In the past few weeks, we’ve seen various fishy rumors on the product specifications of first discrete GPU using the upcoming 28nm Kepler architecture the GK104. While we have known parts of the specifications, such as no hot clocks, the doubling of Streaming Multiprocessor (SM) node from 48 to 96 CUDA cores (i.e.
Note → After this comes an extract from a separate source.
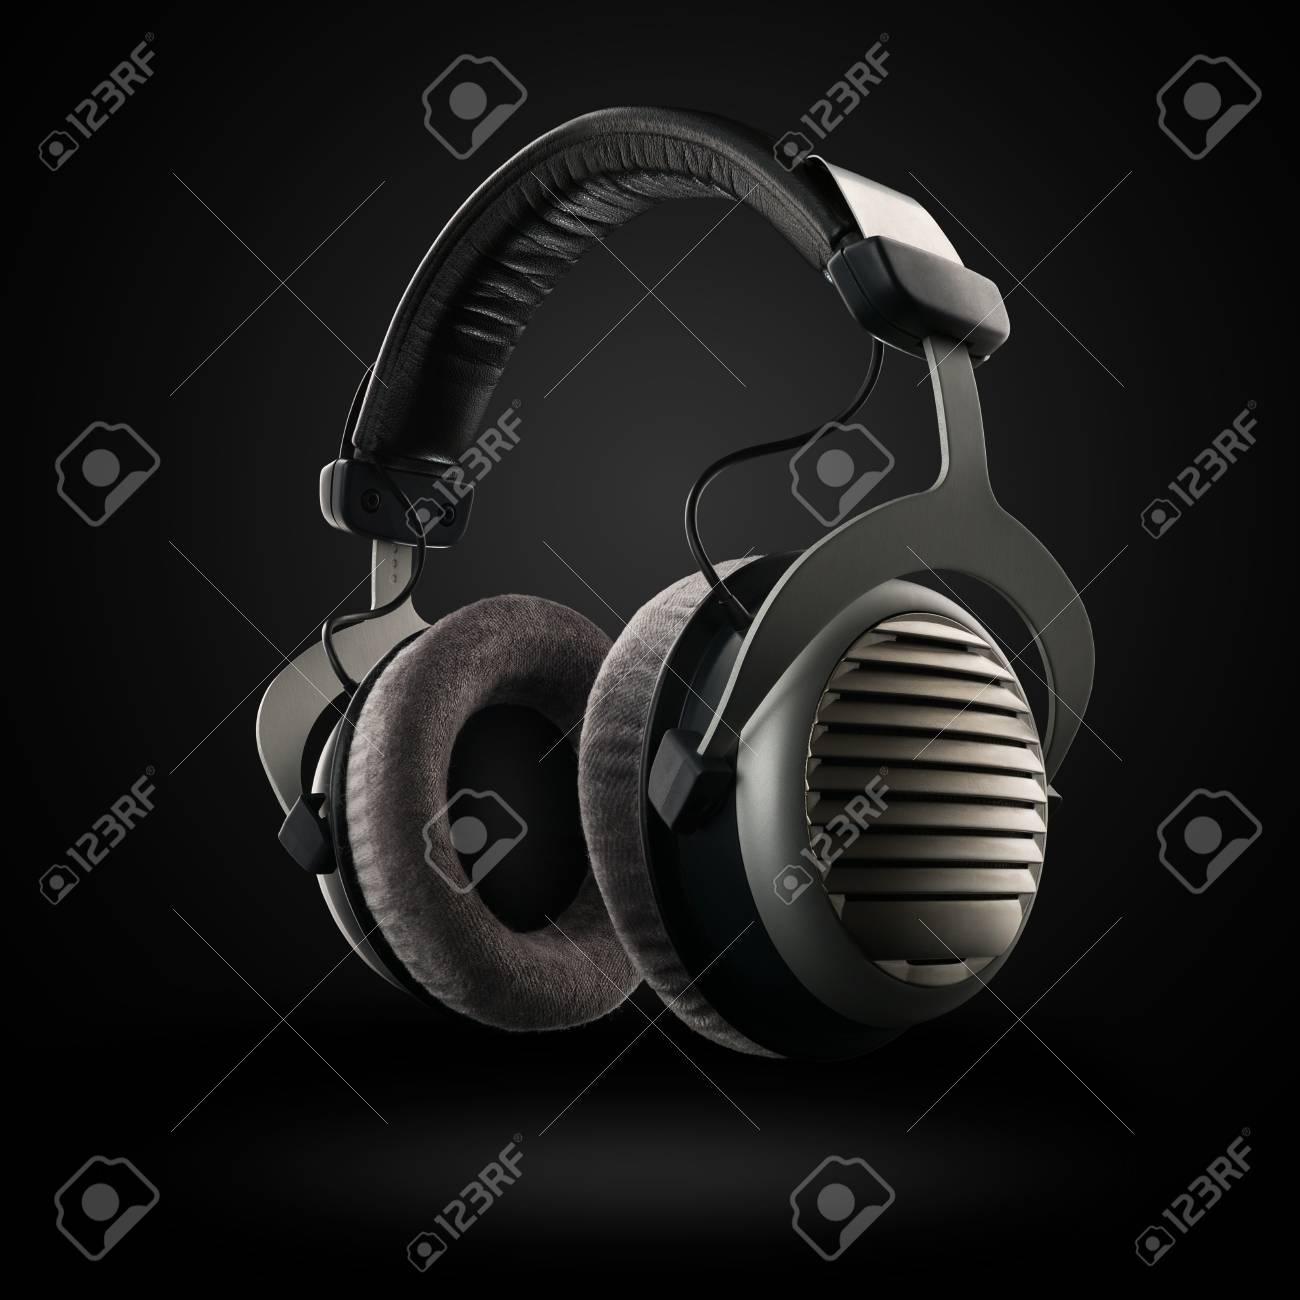 headphones on the black background - 52852870

Stream Processors), 256-bit memory controller, the real specifications are (finally) here… even though, our information differes minimally from information originally posted on 3DCenter.org.

NVIDIA Kepler GK104 Architectural overview: at first look, very similar to GF110, but then you take a deeper look: 1536 Stream Processors instead of 512!
NVIDIA Kepler GK104 Architectural overview: at first look, very similar to GF110, but then you take a deeper look: 1536 Stream Processors instead of 512!

First and foremost, in NVIDIA’s internal nomenclature, this part should be named GeForce GTX 660. This is a 199-249 dollar part which in conventional way would replace the 300-dollar "GeForce GTX 560 Ti 2GB", but will offer higher performance than GTX 580. Significantly higher? and more importantly, not just beating the $449 Radeon HD 7950 3GB, but also endangering the $549 Radeon HD 7970. Yeah, it is that fast – in some tests will be on par with HD 7870 Pitcairn, but in some it will even beat HD 7970.

Why? Because we’re talking about 1536 CUDA cores divided in four Graphics Processing Clusters (GPC), all of which contain four Streaming Multiprocessors (SM). Given that there are 96 Stream Processors (or CUDA cores, NVIDIA seems they cannot make up their minds how to call them), we can see that for instance, the entry-level Kepler has a single SM unit with 96 CUDA cores/Stream Processors. Can you say? a mobile GPU part that allegedly taped out ages ago? and just by some accident, ended in a Samsung notebook? Only time will tell for those.

The base combinations for NVIDIA future GPUs now are 96 (1SM), 384 (1GPC), 768 (2GPC), 1536 (4GPC), 2304 CUDA cores/Stream Processors (6GPC). Given that we our sources are telling us the big monolithic die comes with 2304 SP, the question is what can be done with the memory controller. The logic dictates Kepler can come with the following memory controller configuration: 64-bit, 128-bit, 192-bit, 256-bit, 320-bit and 512-bit: to us, it is most logical that we see 64-bit low-end, 128-bit mainstream, 256-bit performance and 384-bit on the high-end side. Compute parts will offer unprecedented amount of working memory, as NVIDIA is working hard towards becoming the alternative to Xeon and Opteron processors. 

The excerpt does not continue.